Now, when you apply this file, you will see that your pod is in a pending state because no node has the disktype label.

But when you label any node, you will see that the pod is running on that node that has the label.

So, in requiredDuringSchedulingIgnoredDuringExecution, the Pod will only be scheduled on nodes that match the specified criteria.

Using preferredDuringSchedulingIgnoredDuringExecution

Create a file affinity2.yaml and paste the following content in it:

  apiVersion: v1
  kind: Pod
  metadata:
    labels:
      run: redis
    name: redis2
  spec:
    containers:
      - image: redis
        name: redis2
    affinity:
      nodeAffinity:
        preferredDuringSchedulingIgnoredDuringExecution:
          - weight: 1
            preference:
              matchExpressions:
                - key: disktype
                  operator: In
                  values:
                    - hdd

In the above YAML file, we use a label disktype with a value hdd. Now in this case, the pod will first search for a node that has the same label. If it doesn't find this label, it will schedule on any of the available nodes.

Apply this file:

  kubectl apply -f affinity2.yaml

In this case, you will see that our redis2 pod is running on a worker node that has no label.

So, in preferredDuringSchedulingIgnoredDuringExecution, the scheduler will try to place the Pod on nodes that match the criteria, but it is not mandatory.

In both parts, IgnoredDuringExecution is common. This means that if you unlabel any of the nodes, it will not affect the running pod; it will affect the new pods. The pod will remain in the running state.

Important points to remember about Node Affinity

Nodes are labeled.
Affinity is a property on a pod specified in the pod specification/manifest file.
Pods that have an affinity specified will be scheduled on the nodes that are labeled with the same value.
A pod that does not have affinity specified might get scheduled on any nodes irrespective of whether the nodes are labeled.

In essence, node affinity is a property on a pod that attracts it to a labeled node with the same value. However, pods that do not have any affinity specified might get scheduled on any nodes irrespective of whether the nodes are labeled.

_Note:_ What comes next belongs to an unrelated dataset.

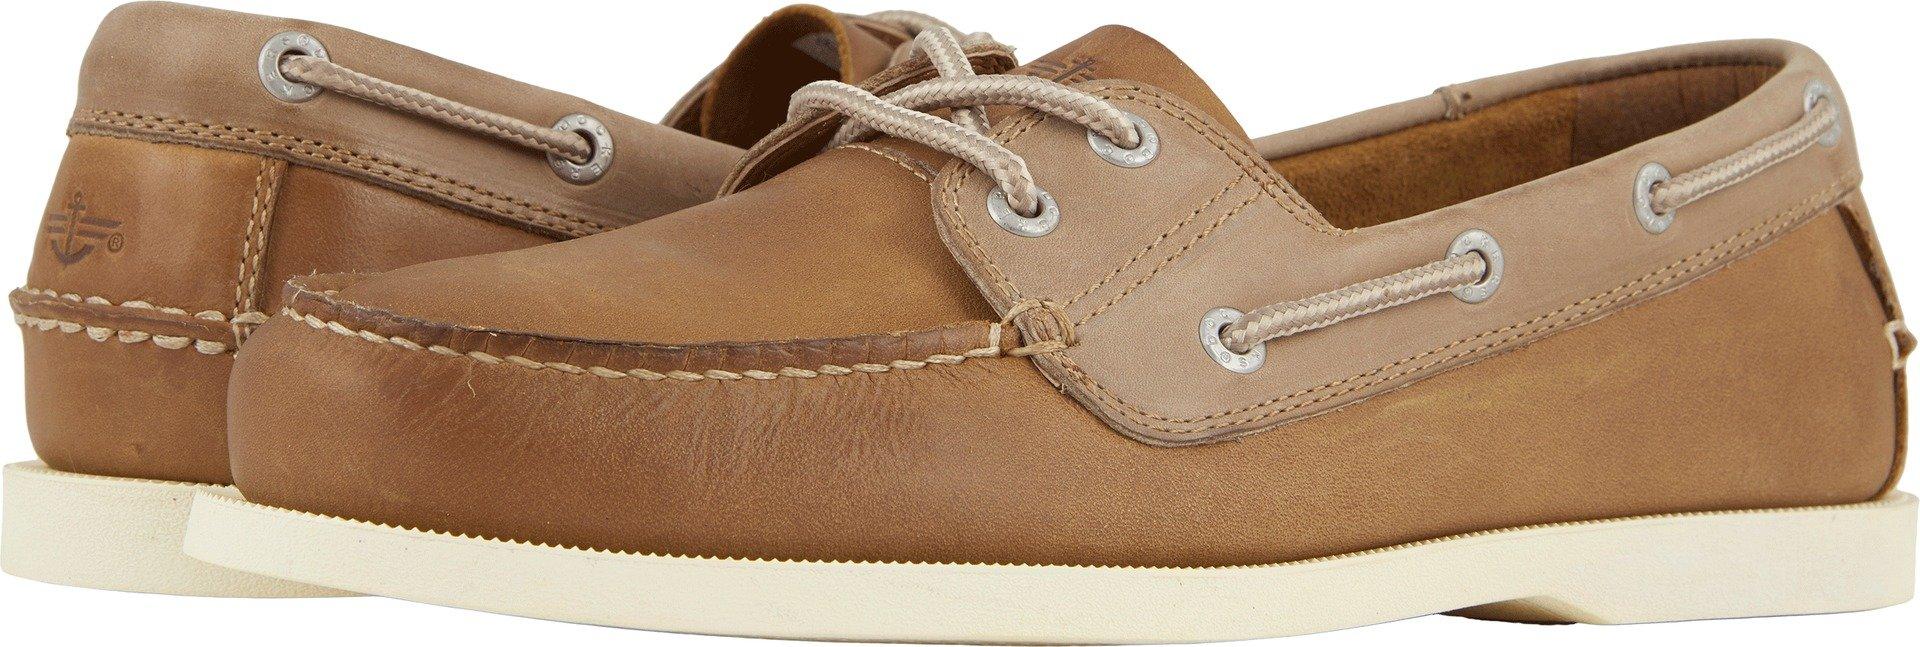 Dockers Footwear Mens Shoes Vargas Walking, Tan, 9.5 M US

Combination of Taint, Toleration and Node Affinity

Suppose we have these nodes with specified labels and taints and some pods also with some affinity and tolerations. Our aim is that each pod with toleration and affinity should be scheduled in its matching taint and labels.

Now if we talk about first pod with toleration color=green, it first checks all node with same taint and schedule in it, so it may have possibility that it may schedule in Node Green and Node3 also because it has no taint so it can schedule pods.
Similarly, Pod with toleration color=blue has possibility of scheduled in Node2 Blue and Node3 also.

But our aim is not satisfying with these conditions. So, to prevent this problem we use Taint, Toleration + Node Affinity in combined form.

Conclusion

Often, one of Taints and Tolerations or Node Affinity might be enough to schedule the pods on the nodes of our choice. But if your requirement is complex, consider applying both concepts.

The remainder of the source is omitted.